Christian Vegetarianism - an archive (notes)
Saturday 14 December 2013
'A Turkey's Dream of Christmas'
From The Vegetarian Messenger and Health Review (December 1933) ~ original source of cartoon unknown
Sunday 3 November 2013
'Staunch'
Punch magazine enjoyed vegetarian ideals from the earliest days of the Vegetarian Society in Britain. Mostly secular, and not always completely scathing their take on matters occasionally touched upon religious scenarios of sorts.

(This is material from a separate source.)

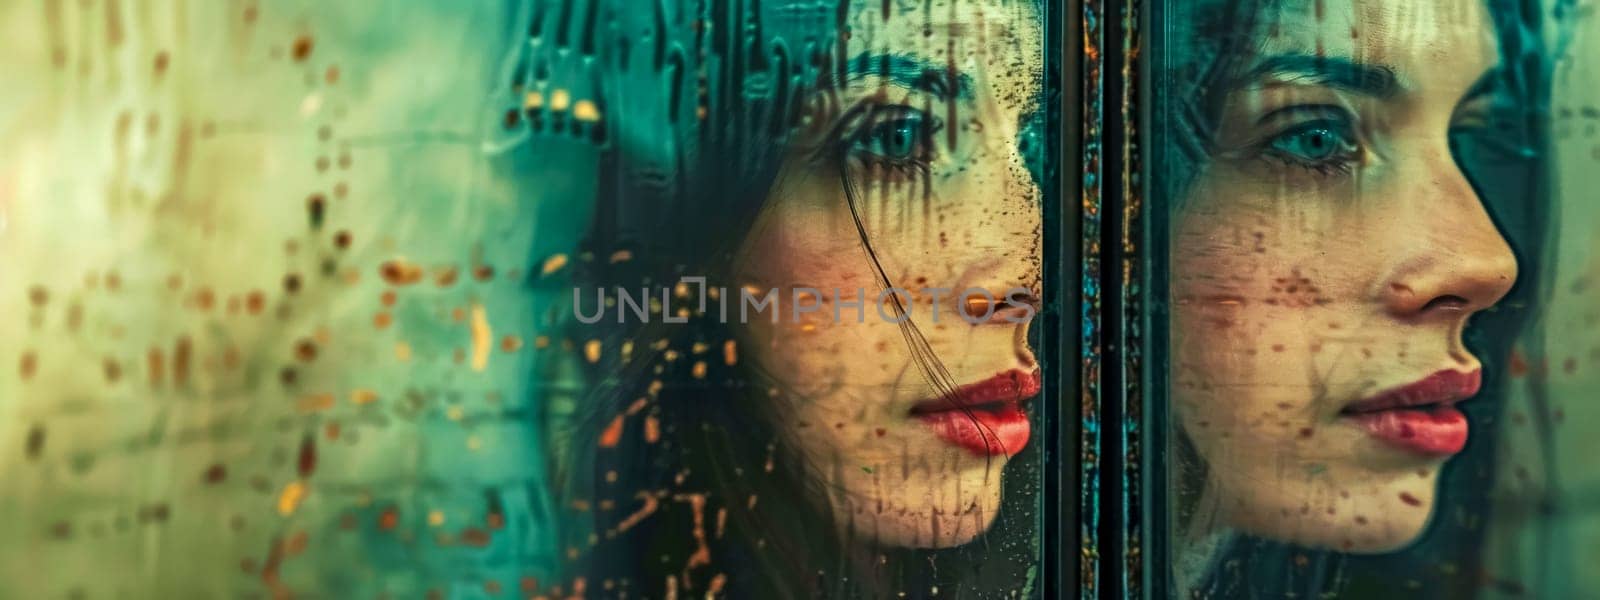 Mysterious woman behind rain-streaked glass by Edophoto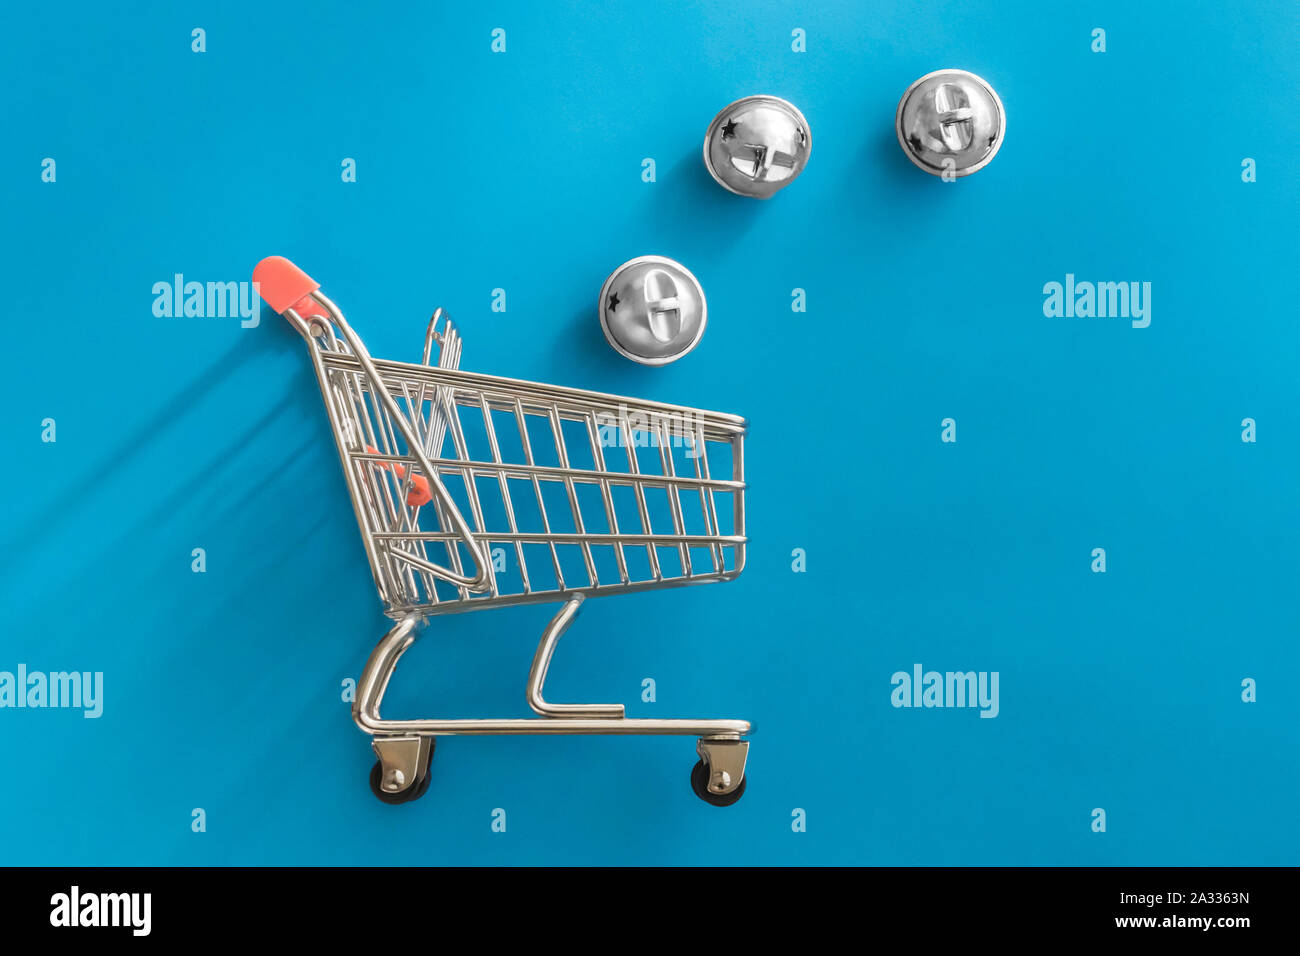 New Year or Christmass toys in trolley shopping cart on colorful blue background. Delivery service. Holiday, sale and discount concept. Stock Photo

As with many such slants and slights, the VS saw the funny side, eventually and reprinted the above piece from Punch as a 70th Anniversary retrospective in the February 1949 edition of their journal The Vegetarian Messenger and Health Review .
Thursday 16 May 2013
Friday 11 January 2013
Friday 4 January 2013
I can say what I like, they're only lurkers
It appears the Oxford Centre for Animal Ethics (the pioneering, groundbreaking, scholars we keep hearing about in their press releases) will eventually be putting together an on-line, educational archive. Now why do I suspect it may cost infinitely more to access than the content of amateur websites which have been leading the way for years: www.oxfordanimalethics.com/2013/01/new-categories-of-association/
Monday 29 October 2012
'Biblical Vegetarianism' by Henry Salt
Here's a relevant backdrop critique of the concept, as recently added to an accomplished amateur archive: http://www.henrysalt.co.uk/bibliography/essays/biblical-vegetarianism-the-reformer
Friday 6 July 2012
Orwell's heirs
The latest edition of Socialist History contains a particularly extensive review of Familiar Strangers in which Will Boisseau presents an interesting parallel scenario between the churches and "...British socialists, who rejected vegetarianism for fear of being out of touch with the general electorate, particularly in rural areas. Moreover, both movements were worried about an economy of sympathy, in which the public's compassion could not stretch to concern for both down-trodden humans and animals."
I'm inclined to take that precept a stage further and suggest that certain Christian journals - such as the 'thinking Catholic digest' - would prefer to dwell on just about anything other than their ethical relationship with creation these days.